Java multithreaded programming - (6) - two commonly used thread counters CountDownLatch and cycle barrier CyclicBarrier

Java multithreaded programming - (7) - use thread pool to realize thread reuse and avoid some pits


ThreadLocal can be said to be a frequent visitor to written test interviews. Every interview will basically ask about the principle of ThreadLocal and the problem of OOM memory overflow caused by improper use. It is worth spending time to study its principle carefully. This article mainly learns the principle of ThreadLocal, and in the next article, we will deeply understand the principle and best practice of OOM memory overflow.

Write picture description here

ThreadLocal is easy for people to take it for granted that it is a "local thread". ThreadLocalVariableIn fact, ThreadLocal is not a Thread, but a local variable of Thread, maybe it is easier to understand by naming it .

When using ThreadLocal to maintain variables, ThreadLocal provides an independent copy of the variable for each thread that uses the variable, so each thread can change its own copy independently without affecting the corresponding copies of other threads.

The role of ThreadLocal is to provide local variables in the thread, which work within the life cycle of the thread, reducing the complexity of passing some public variables between multiple functions or components in the same thread.

From the thread's point of view, the target variable is like a thread's local variable, which is what "Local" in the class name means.

All ThreadLocal methods and inner classes

All ThreadLocal methods and internal class structures are as follows:

Write picture description here

ThreadLocal has four public methods, namely: get, set, remove, intiValue :

Write picture description here

In other words, we usually care about these four methods when we use them.

How does ThreadLocal maintain a copy of variables for each thread?

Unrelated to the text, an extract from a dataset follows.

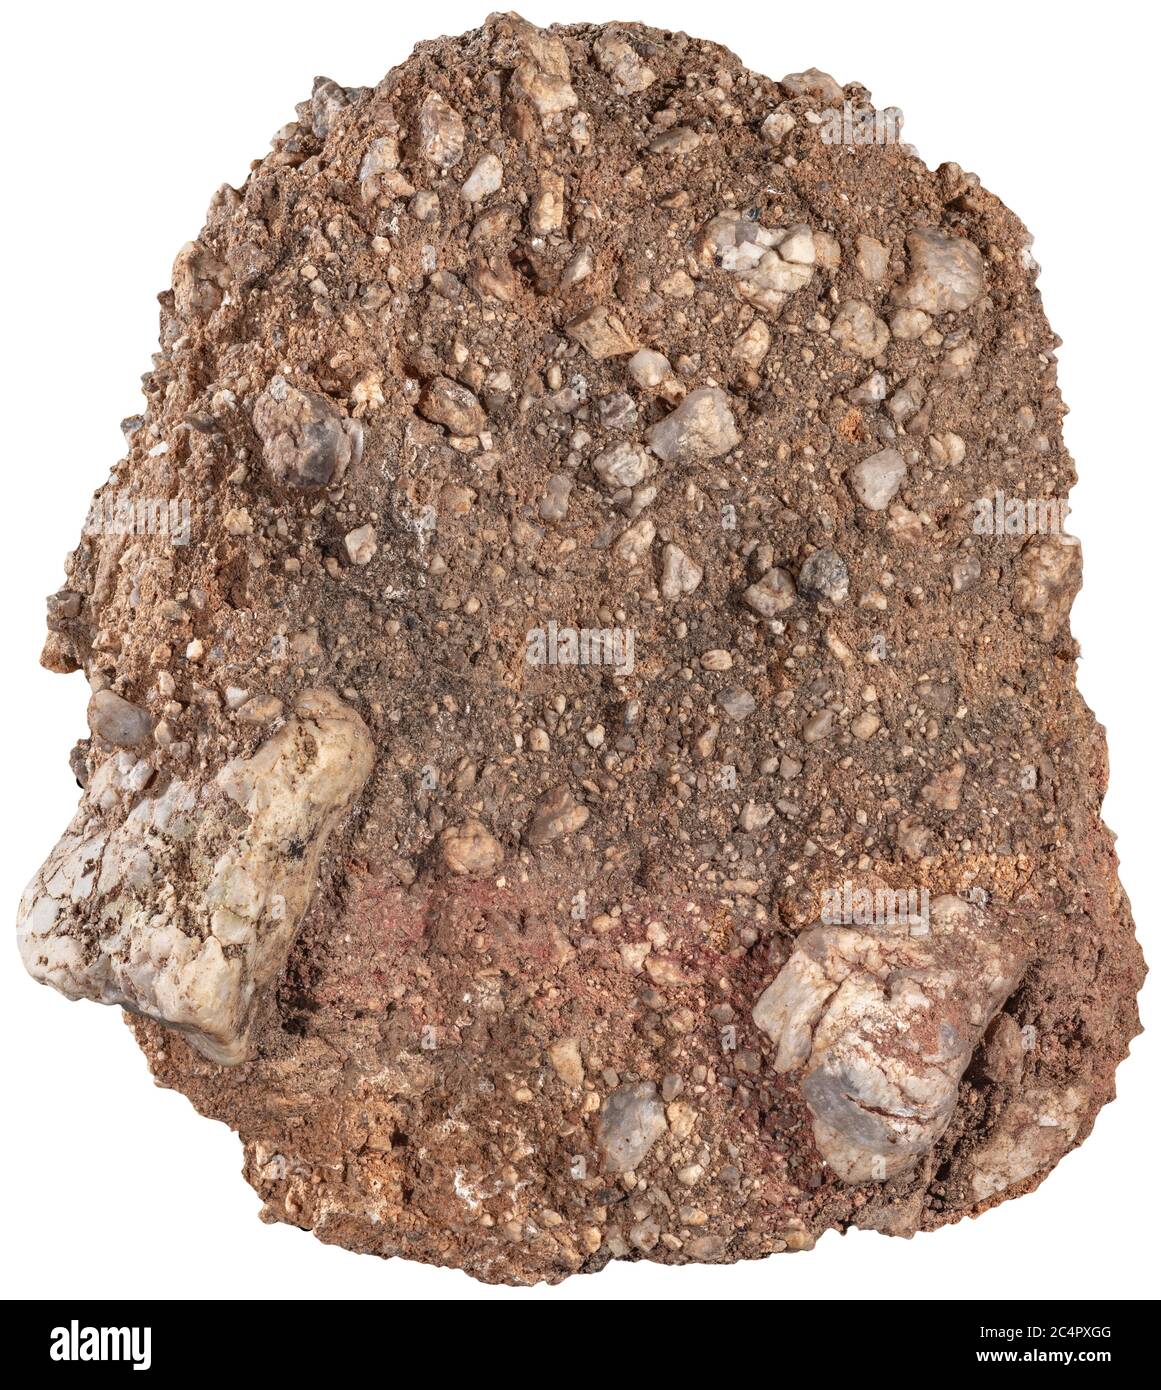 Caliche conglomerate Rock caliche è una roccia sedimentaria, un cemento naturale indurito di carbonato di calcio che lega altri materiali, come ghiaia, san Foto Stock
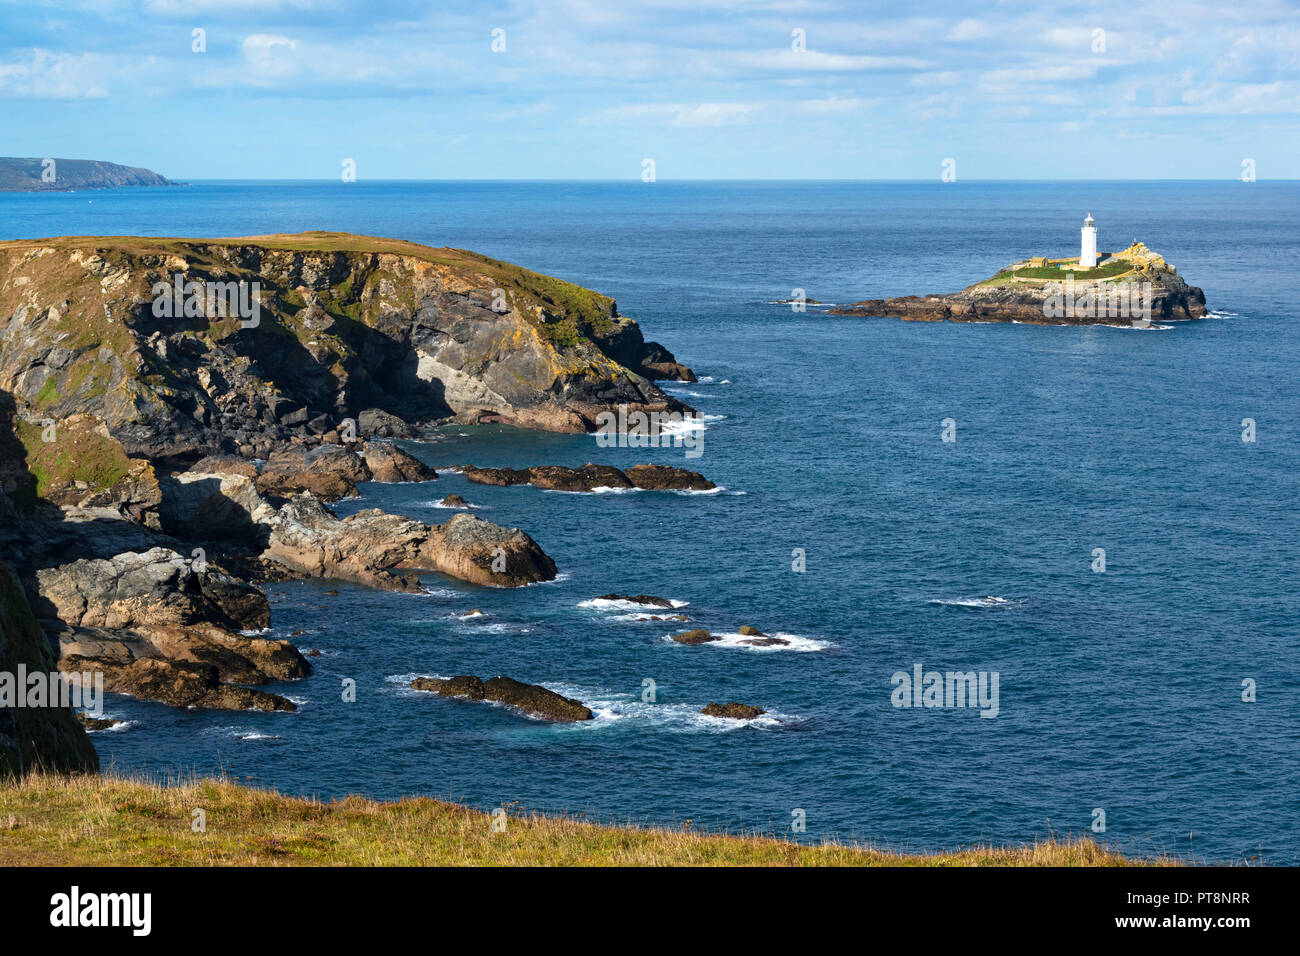 Avis de navax point et l'île de godrevy lighthouse à st.ives bay, Cornwall, Angleterre, Grande-Bretagne, Royaume-Uni. Banque D'Images

In fact, the implementation idea is very simple: there is a statically declared Map in the ThreadLocal class, which is used to store the variable copy of each thread. The key of the element in the Map is the thread object, and the value corresponds to the variable copy of the thread. We can provide a simple implementation version ourselves:

public class SimpleThreadLocal<T> {

    /**
     * Key为线程对象,Value为传入的值对象
     */
    private static Map<Thread, T> valueMap = Collections.synchronizedMap(new HashMap<Thread, T>());

    /**
     * 设值
     * @param value Map键值对的value
     */
    public void set(T value) {
        valueMap.put(Thread.currentThread(), value);
    }

    /**
     * 取值
     * @return
     */
    public T get() {
        Thread currentThread = Thread.currentThread();
        //返回当前线程对应的变量
        T t = valueMap.get(currentThread);
        //如果当前线程在Map中不存在,则将当前线程存储到Map中
        if (t == null && !valueMap.containsKey(currentThread)) {
            t = initialValue();
            valueMap.put(currentThread, t);
        }
        return t;
    }

    public void remove() {
        valueMap.remove(Thread.currentThread());
    }

    public T initialValue() {
        return null;
    }

    public static void main(String[] args) {

        SimpleThreadLocal<List<String>> threadLocal = new SimpleThreadLocal<>();

        new Thread(() -> {
            List<String> params = new ArrayList<>(3);
            params.add("张三");
            params.add("李四");
            params.add("王五");
            threadLocal.set(params);
            System.out.println(Thread.currentThread().getName());
            threadLocal.get().forEach(param -> System.out.println(param));
        }).start();

        new Thread(() -> {
            try {
                Thread.sleep(1000);
                List<String> params = new ArrayList<>(2);
                params.add("Chinese");
                params.add("English");
                threadLocal.set(params);
                System.out.println(Thread.currentThread().getName());
                threadLocal.get().forEach(param -> System.out.println(param));
            } catch (InterruptedException e) {
                e.printStackTrace();
            }
        }).start();
    }
} 1234567891011121314151617181920212223242526272829303132333435363738394041424344454647484950515253545556575859606162636465666768

operation result:

Write picture description here

Although the ThreadLocal implementation version in the above code list is relatively simple and rough, its purpose is mainly to present the implementation ideas of the ThreadLocal class provided in the JDK.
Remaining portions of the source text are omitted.